Background technology is in the cold district people working, for the amenity that makes work and life some or make things convenient for, usually adopt fuel oil generating or solar electrical energy generation to give electric power supply; Usually adopt the mode of fuel oil heating or solar heating to give indoor heating, for remote cold district, like the South Pole; The transportation of fuel is also pretty troublesome, in the season that does not have sunshine, like the winter in the South Pole; And the thick weather that does not have sunlight, also there is very big restriction in solar electrical energy generation with heating.
Summary of the invention is more simple and convenient for the generating and the heating that make cold district, and the present invention provides a kind of heat pipe heating and heat generating tube method that is used for cold district.

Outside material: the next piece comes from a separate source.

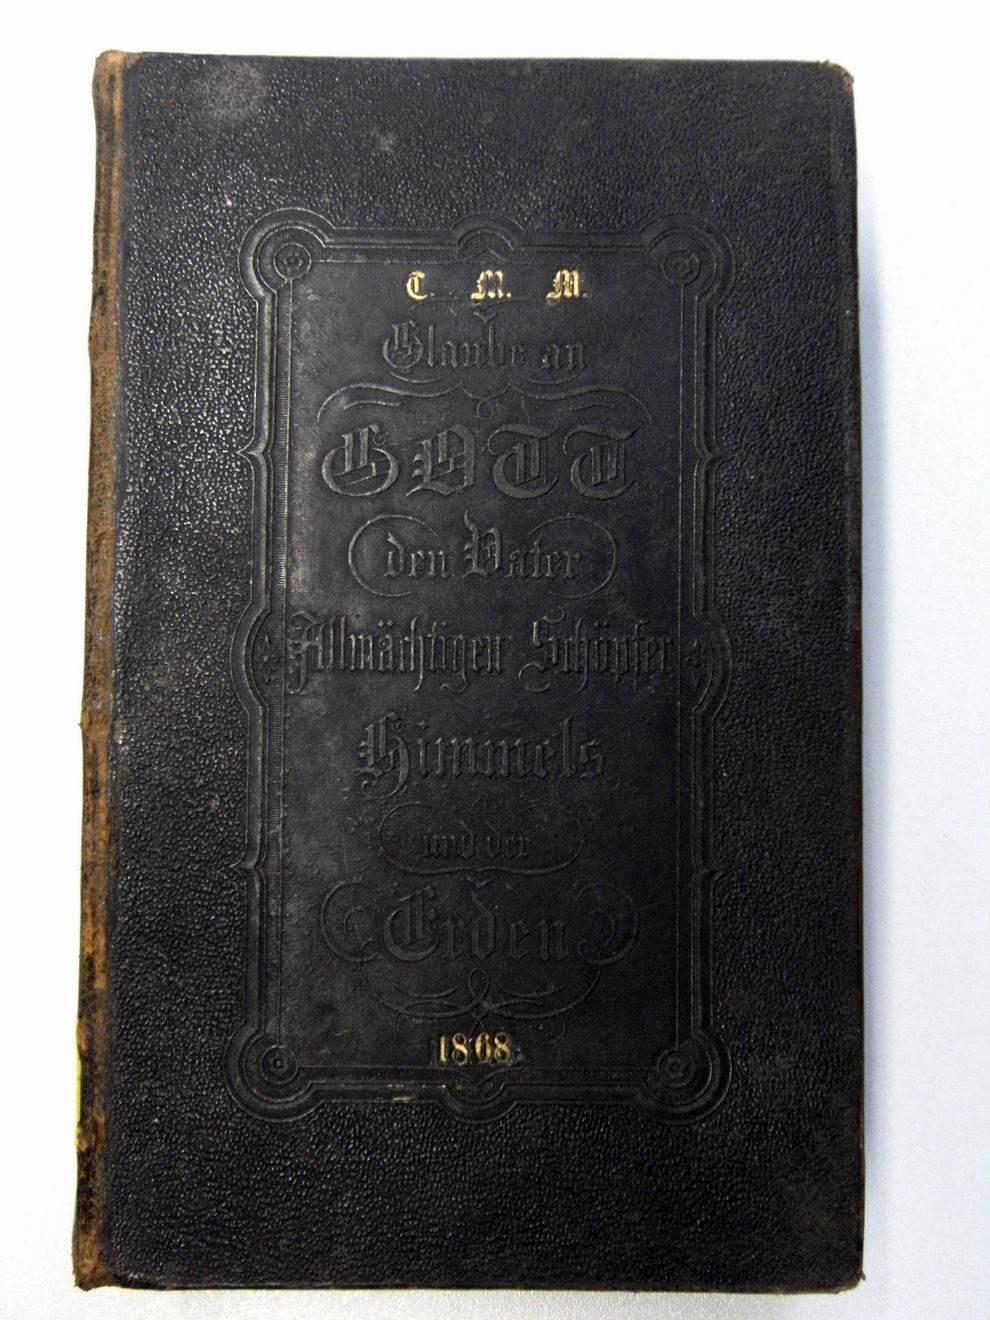 Gesangbuch, Faberscher Verlag 1866 (Börde-Museum Burg Ummendorf RR-F)
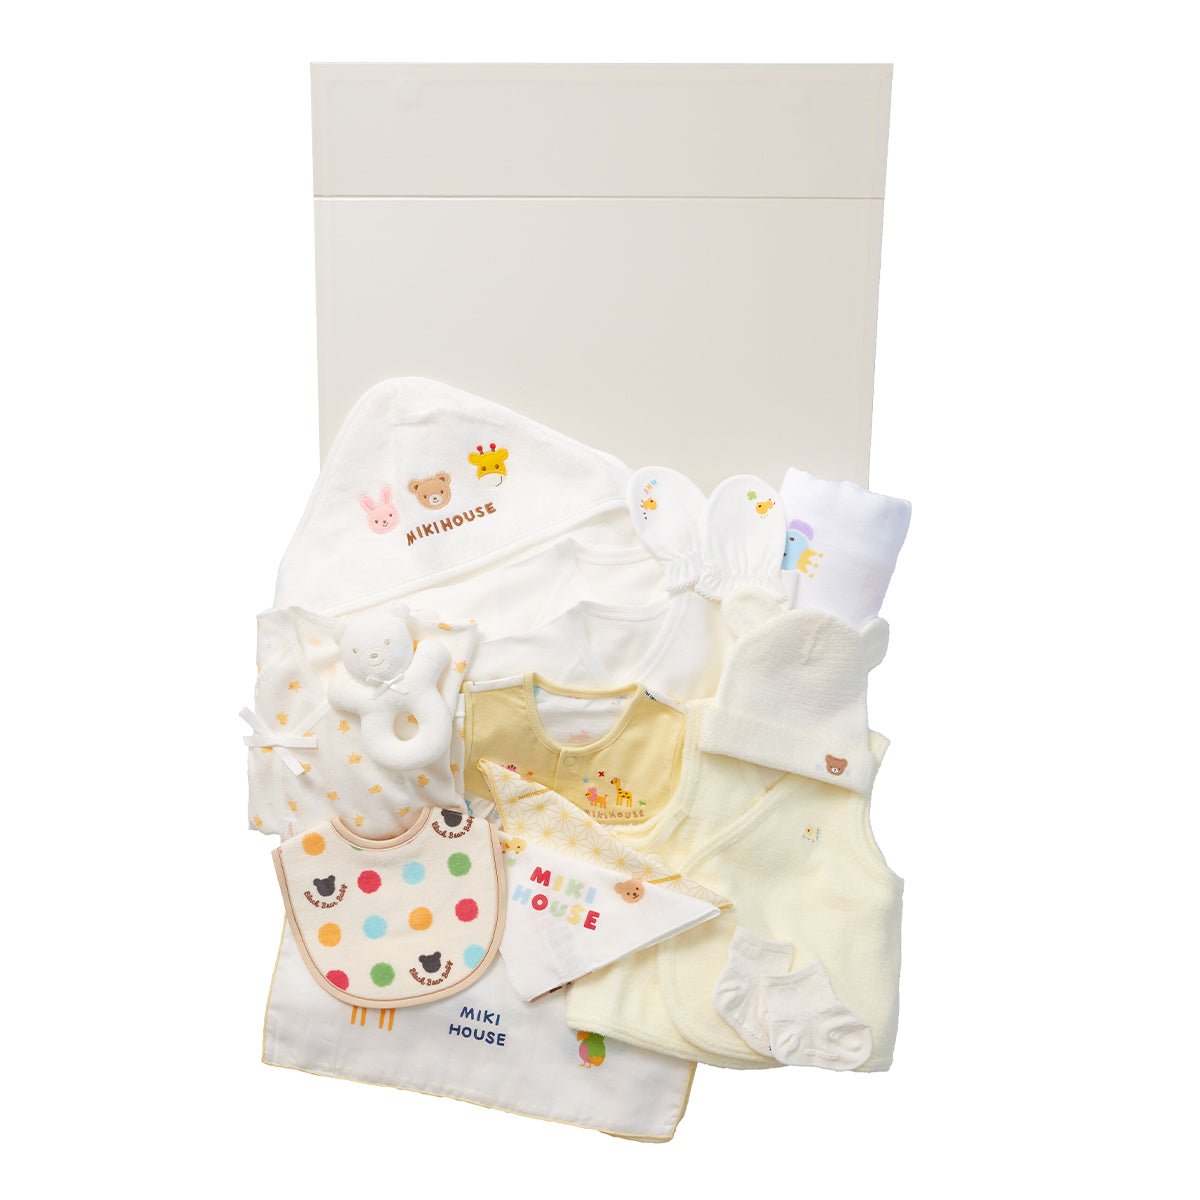 Baby Starter Kit (Yellow) with FREE Baby Club Membership - MIKI HOUSE USA

The technical solution adopted for the present invention to solve the technical problems is: a kind of method that is used for the heat pipe heating and the heat generating tube of cold district bungs down, on the ground in the heat pipe fill-in well more than one and; The heat absorbing end of heat pipe is in the well of below ground, and the condensation end of heat pipe is near above the ground, at cold district; The temperature of down-hole is higher than the environment temperature more than the ground, and it is gas that the liquid refrigerant in the heat pipe absorbs heat of vaporization in the down-hole, becomes steam state working medium; Steam state working medium flows from the condensation end of heat absorbing end to top of the bottom of heat pipe, behind the condensation end on arrival heat pipe top, because the temperature on top is lower; Steam state working medium in the heat pipe is emitted heat, and liquefy working medium flows back to the heat absorbing end of the bottom of heat pipe again after the condensation of steam state working medium from the top of heat pipe, the continuous conversion of liquid refrigerant and steam state working medium in the heat pipe; Just underground heat is constantly taken on the ground, working medium should satisfy at subsurface temperature can flash to steam state, and temperature can be condensed into liquid state on the ground; The heat that takes on the ground can be warmed oneself to the room through a radiator; Take heat on the ground to and also can receive the hot junction face of a thermoelectric generator, the cold junction face of thermoelectric generator is placed in the outdoor air or is placed in the ice, and thermoelectric generator sends electric energy; Can also utilize working medium in the heat pipe flow; In heat pipe, drive a turbine, turbine drives outside generator, sends electric energy.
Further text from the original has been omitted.